На мели-то. Раз девчонки.
Вовка и Олег разделись до трусов, ринулись с разбегу в омут. Настя, не раздеваясь, кинулась за ними.
Накупались. На берег выбрались. К костру пробились – греются. Настя – то передом к костру, то спиной к нему повернётся – платье сушит. Шкет какой-то мимо пробегал – дёрнул Настю за косу. Помчалась та за ним. Долго отсутствовала. Появилась. Как раз в тот момент, когда Вовка и Рыжий собрались от неё смыться.
– Пора мне, – Настя вдруг говорит. – Дыщиха пойдёт на кладбище.
– Понесут, а не пойдёт, – говорит Рыжий.
– Передать с ней кое-что надо, – не слушает Рыжего Настя.
– С кем? С Дышшыхой? Она же мёртвая, – говорит Рыжий. – Ты совсем, ли чё ли, глупая?
– Ты, Захар, глупый, – говорит Настя. Плюнула в Рыжего.
Рыжий ей тем же ответил.
– Скажу отцу твоёму, дяде Ване, пожалуюсь, что плюёшься.
– А тебе можно? И дядя Ваня мне не дядя Ваня, а дедушка Иван.
– И тётушке пожалуюсь, – говорит Настя.
– Да хоть зажалуйся, – говорит Вовка. – Напугала.
Настя унеслась, размахивая косой-шелепугой, швыряясь из-под тапочек песком.

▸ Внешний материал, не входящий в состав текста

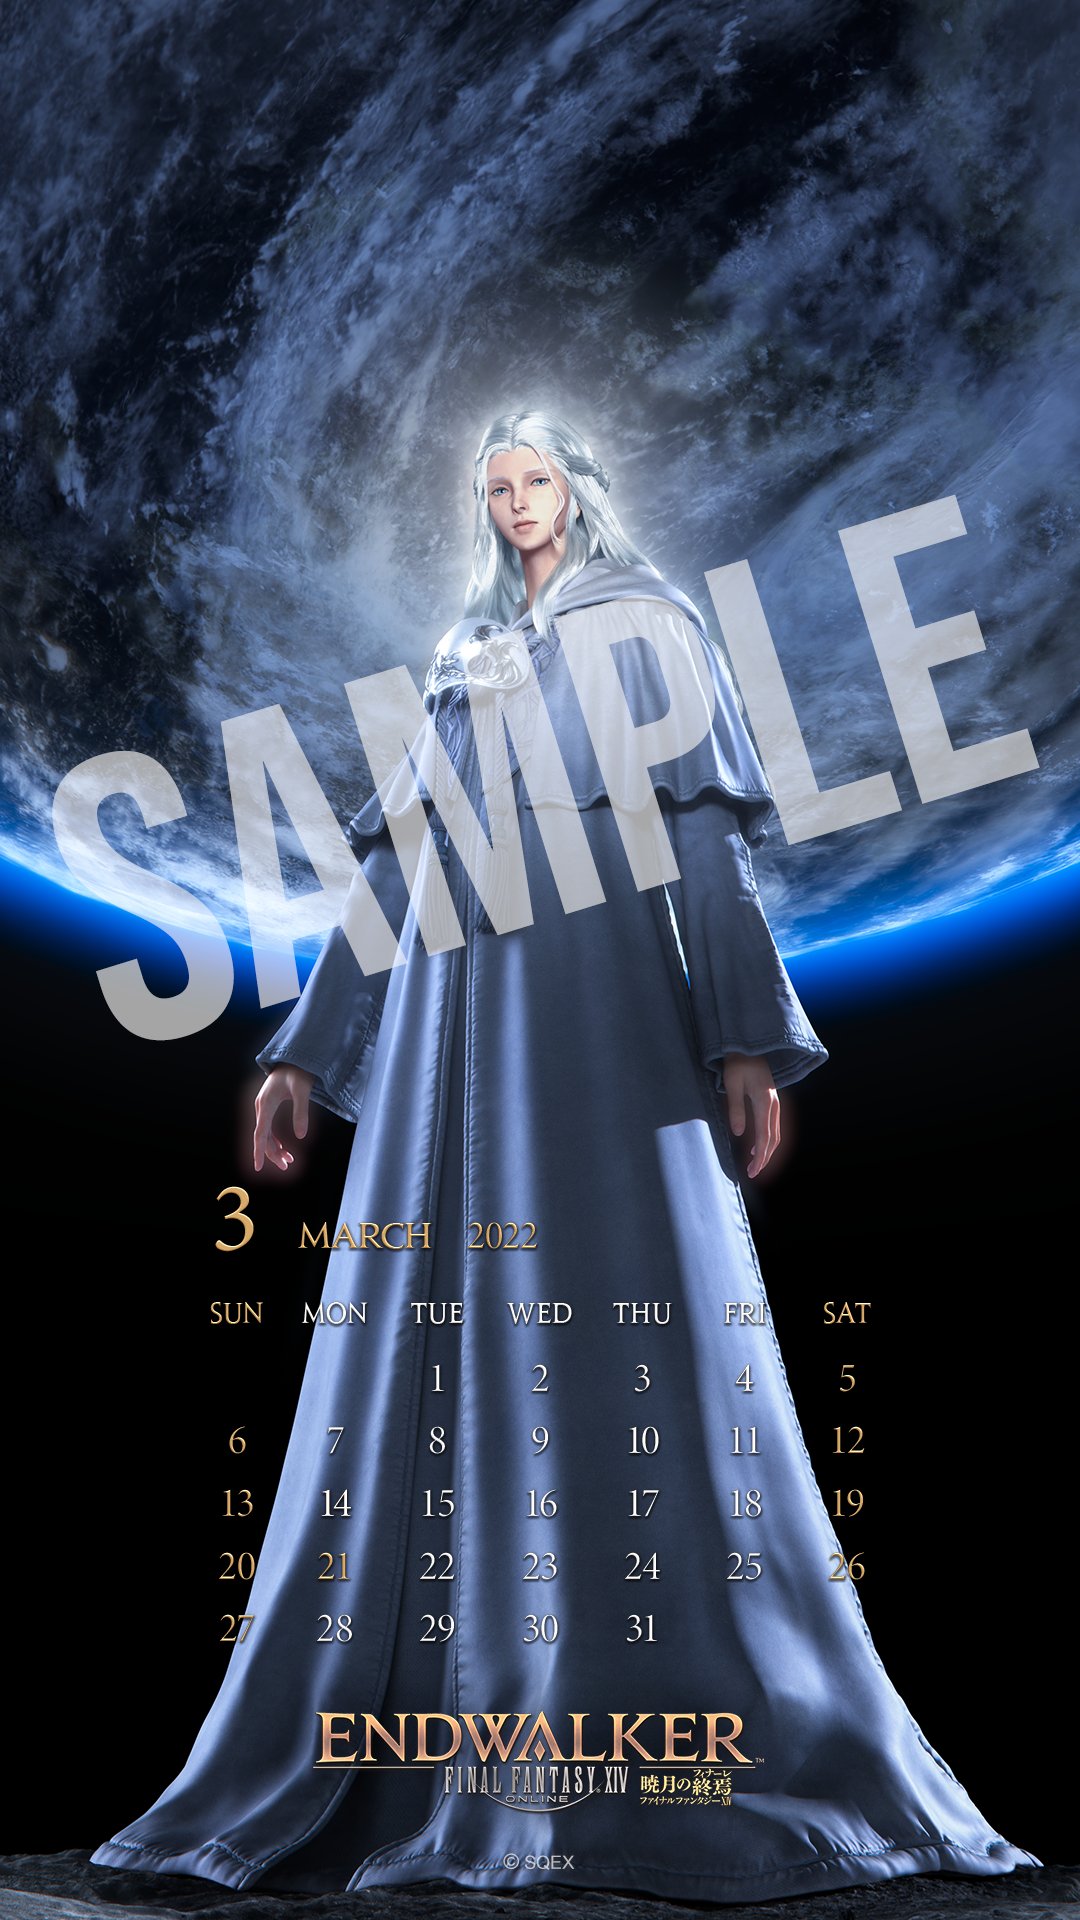 Final Fantasy Xiv Ff14 Ff14 Line公式アカウント Lineオリジナル スマホ壁紙 カレンダー更新 3月は初公開cgアート ヴェーネス 壁紙 カレンダーはline公式アカウントを友だち追加 Sqexアカウントとid連携すると毎月もらえます トーク画面のメニュー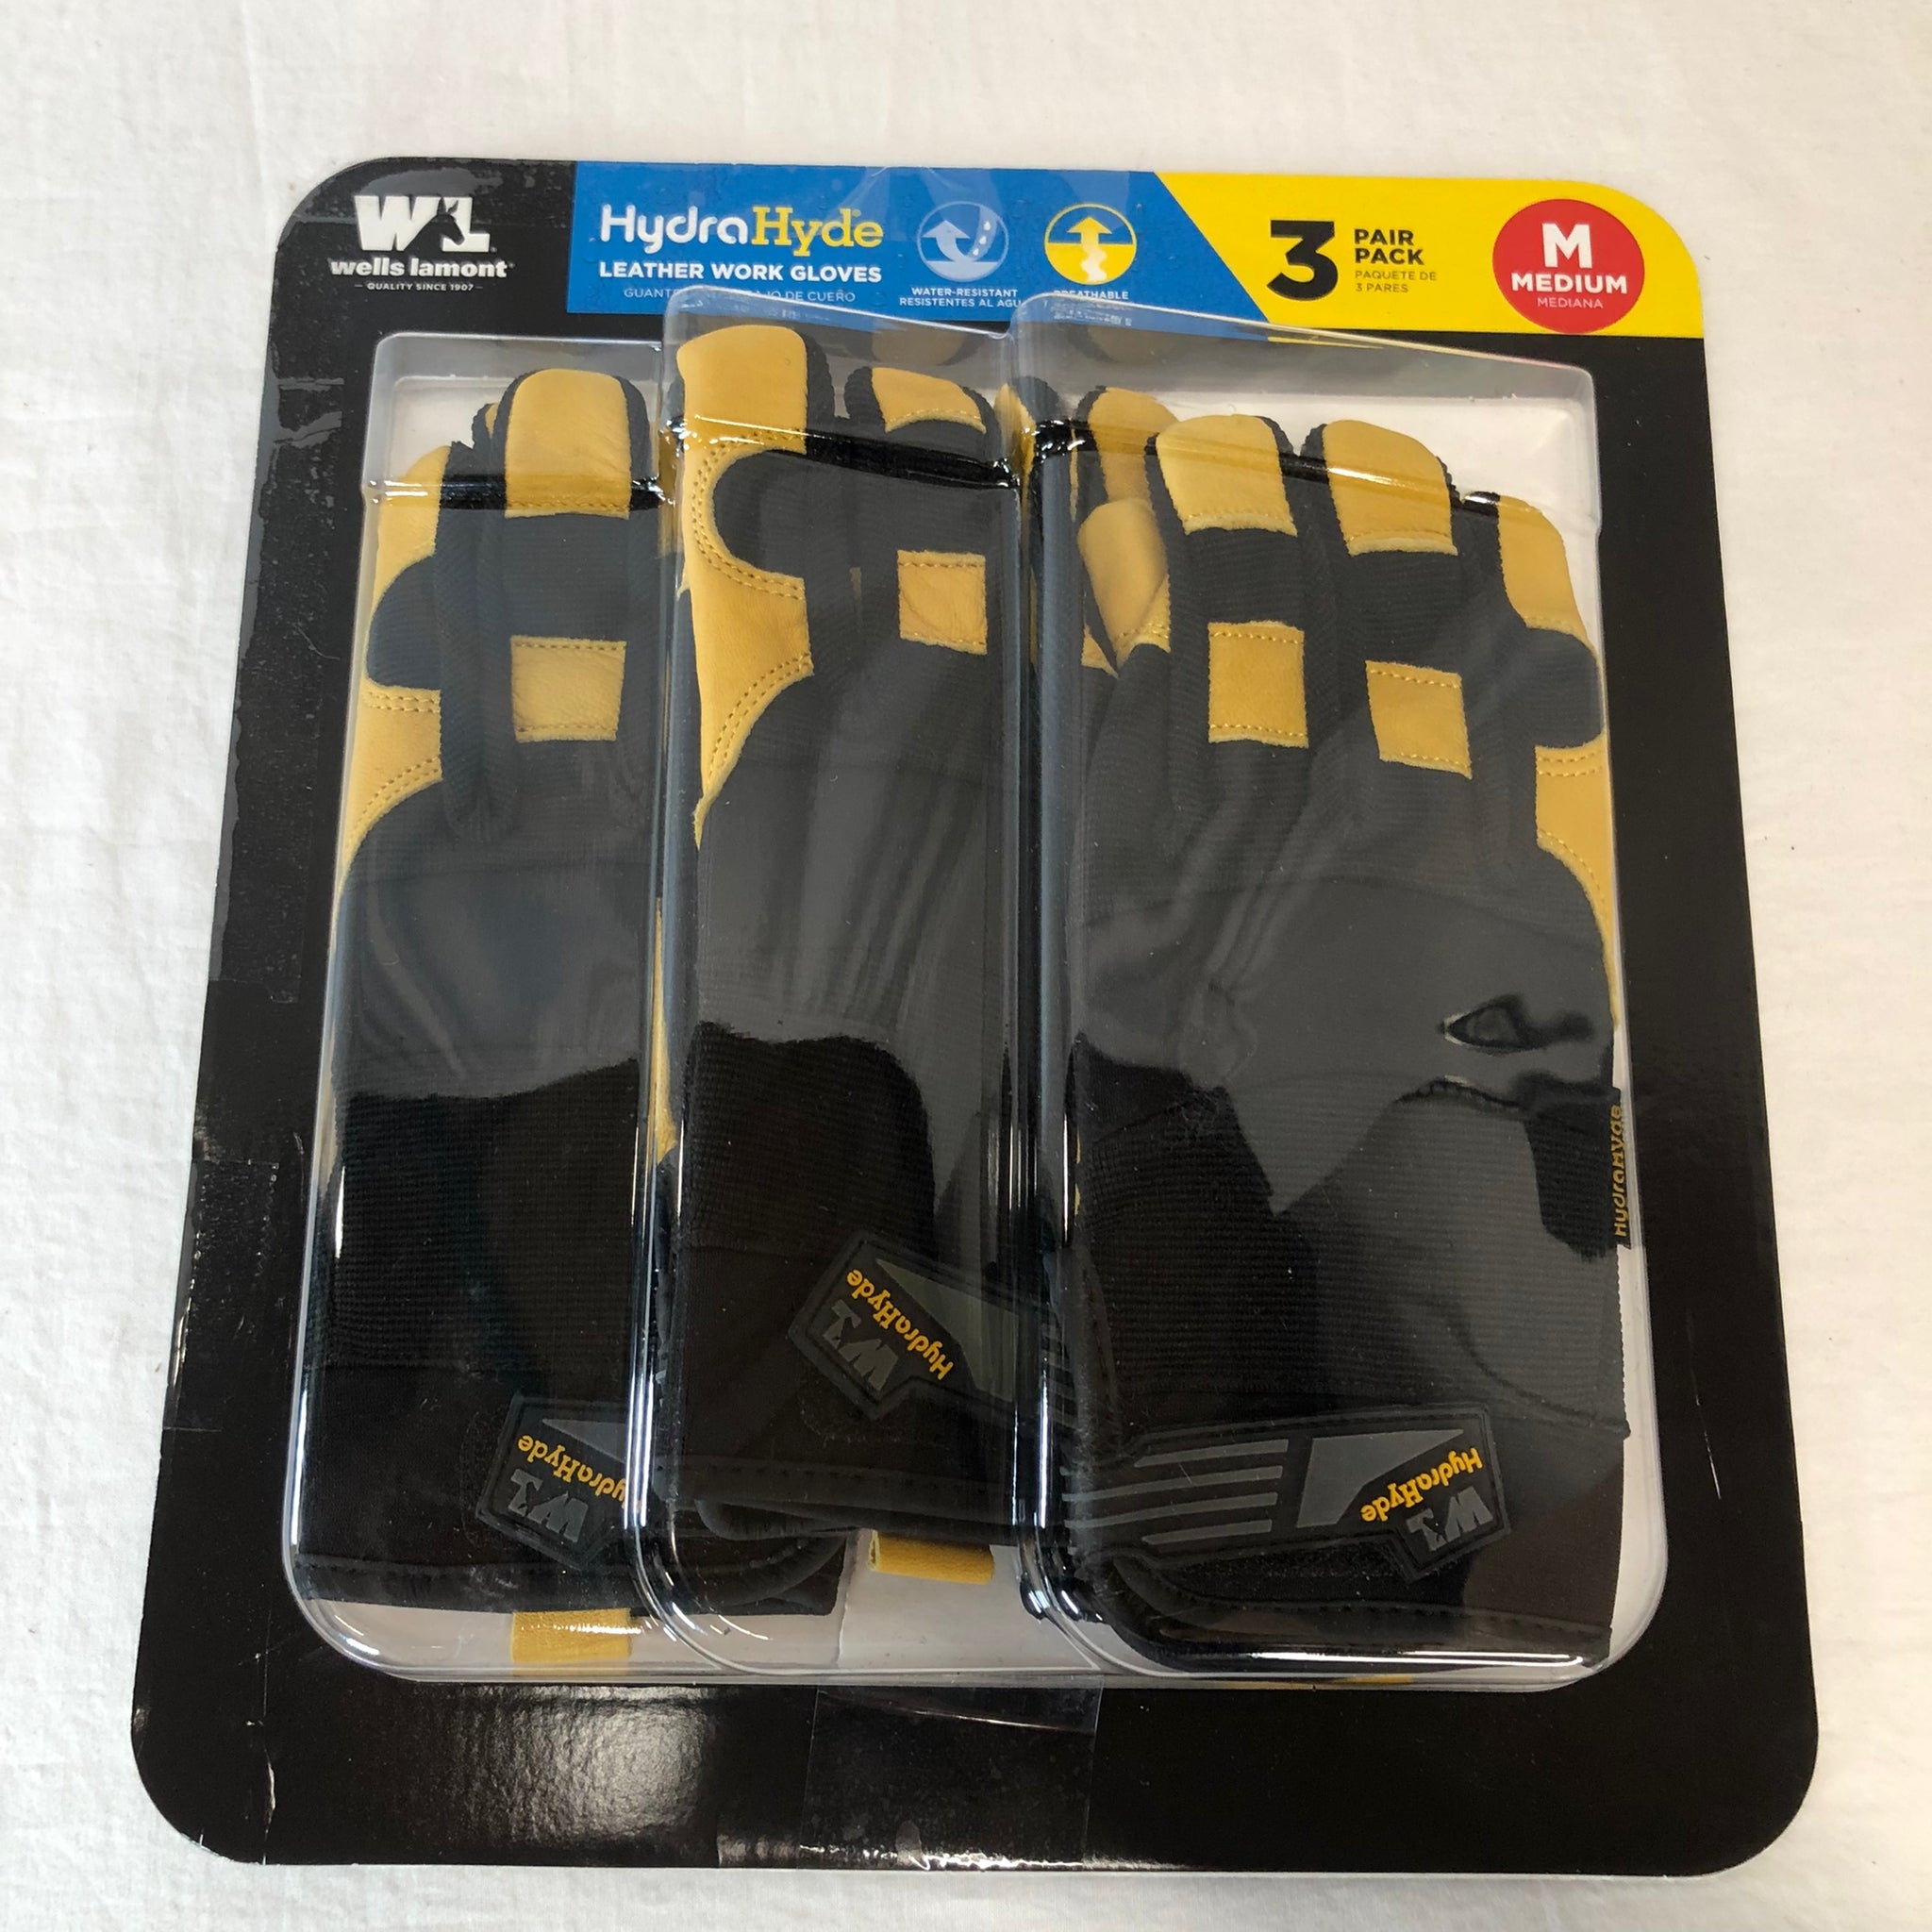 Wells Lamont Men's HydraHyde Leather Work Gloves, Medium, 3 pairs

Вовка и Олег вместе с другими друзьями и товарищами, собравшимися тут со всей Ялани, со всех её краёв, улиц, заулков и забегаловок, ещё раз искупались. Поиграли после на песке в футбол. Чуть не подрались с линьковскими. Городской и Линьков края – против Лугового. Помирились.
Ещё раз искупались. В глазах уж от купания рябит.
Пошли на деревню.
По пути, на Половинке, забравшись в заросли конёвника и пучки, покурили сигареты «Звёздочка». Рыжему хоть бы что, Олег – до тошноты.
Кино в клубе. Детский сеанс. В шесть часов начало. «Александр Невский». Видели. Но идти надо. Бесплатно – проберутся, путь знают.
После кино, подразнив невестами и женихами взрослых парней и девиц, собравшихся возле клуба, в ожидании взрослого сеанса и танцев, и получив от них тумаков, в прятки поиграли. В лапту. В пятнашки-догоняжки. Опять чуть не подрались. Нос кому-то и разбили. Мелочь.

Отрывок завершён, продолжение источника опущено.